◆ Instructions for the task ◆
Please repeat the data below exactly, with the pictures removed.

◆ Information shown ◆
------------------------------------------------------------

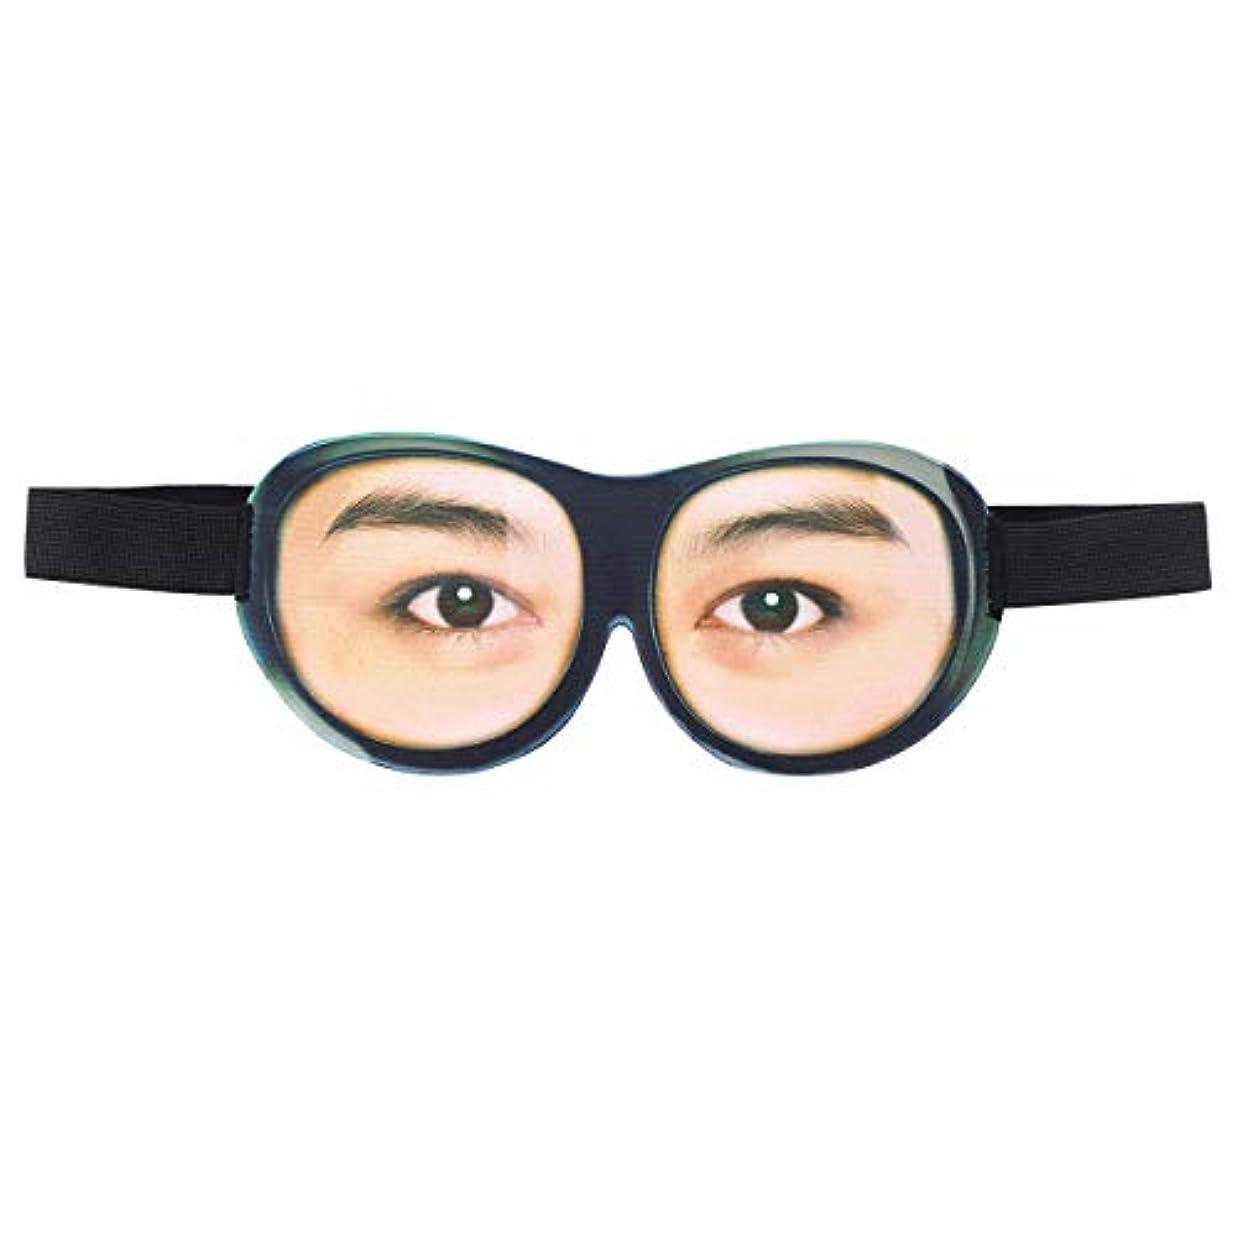 オデュッセウスネズミ社員Healifty 睡眠目隠し3D面白いアイシェード通気性睡眠マスク旅行睡眠ヘルパーアイシェード用男性と女性
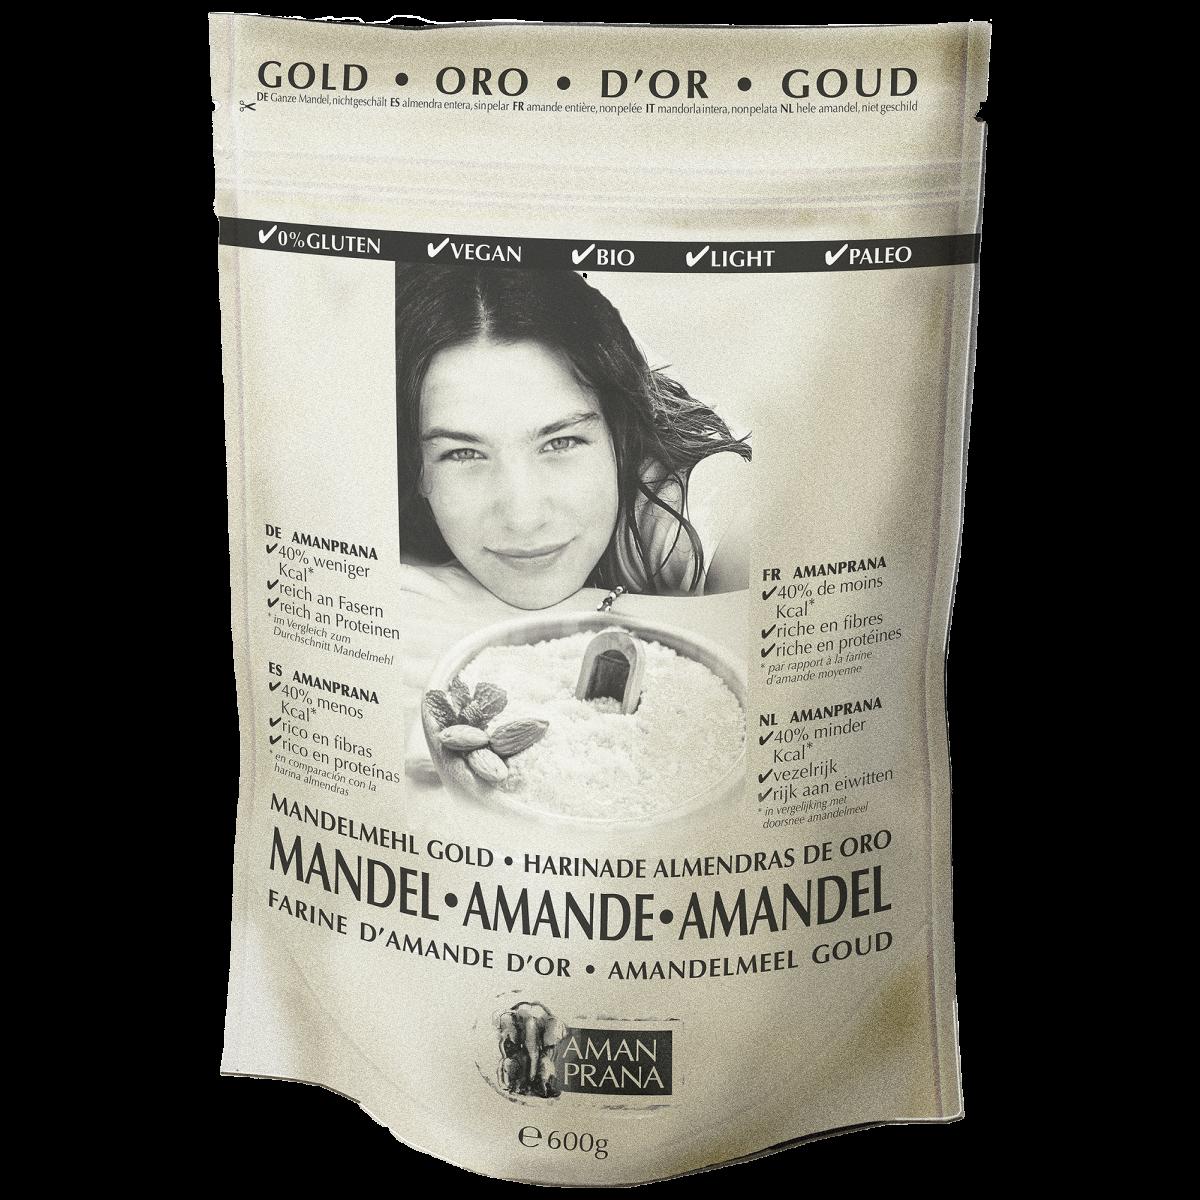 Amandelmeel Goud
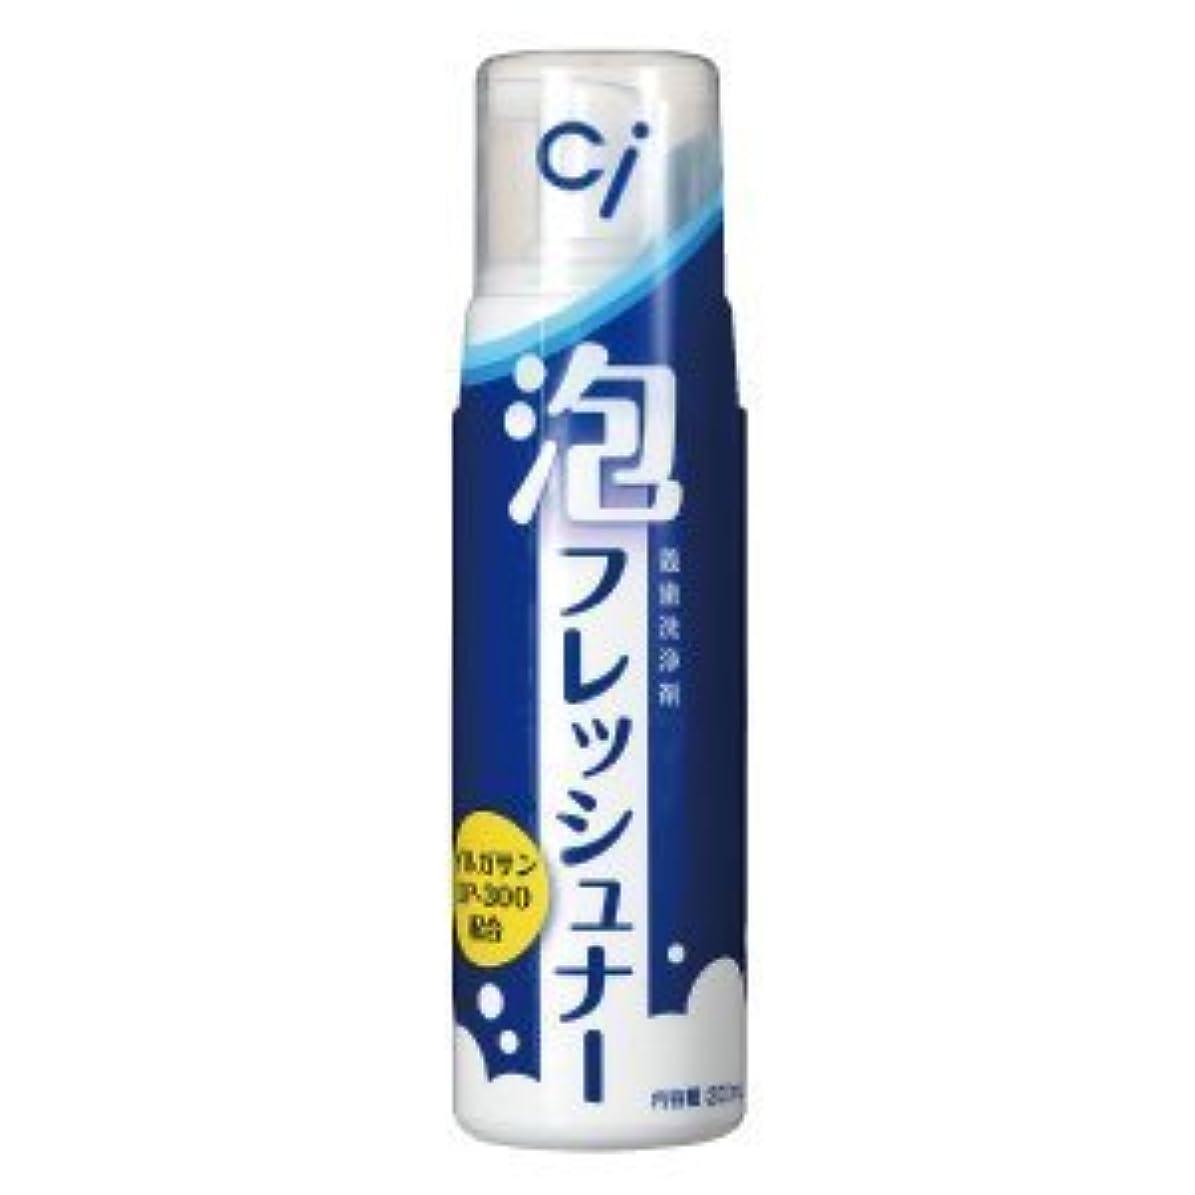 ジャズ強大な白雪姫Ci 泡フレッシュナー 義歯洗浄剤 1本(200ml)

------------------------------------------------------------

◆ Answer to the exercise ◆
 オデュッセウスネズミ社員Healifty 睡眠目隠し3D面白いアイシェード通気性睡眠マスク旅行睡眠ヘルパーアイシェード用男性と女性
 Amandelmeel Goud
 ジャズ強大な白雪姫Ci 泡フレッシュナー 義歯洗浄剤 1本(200ml)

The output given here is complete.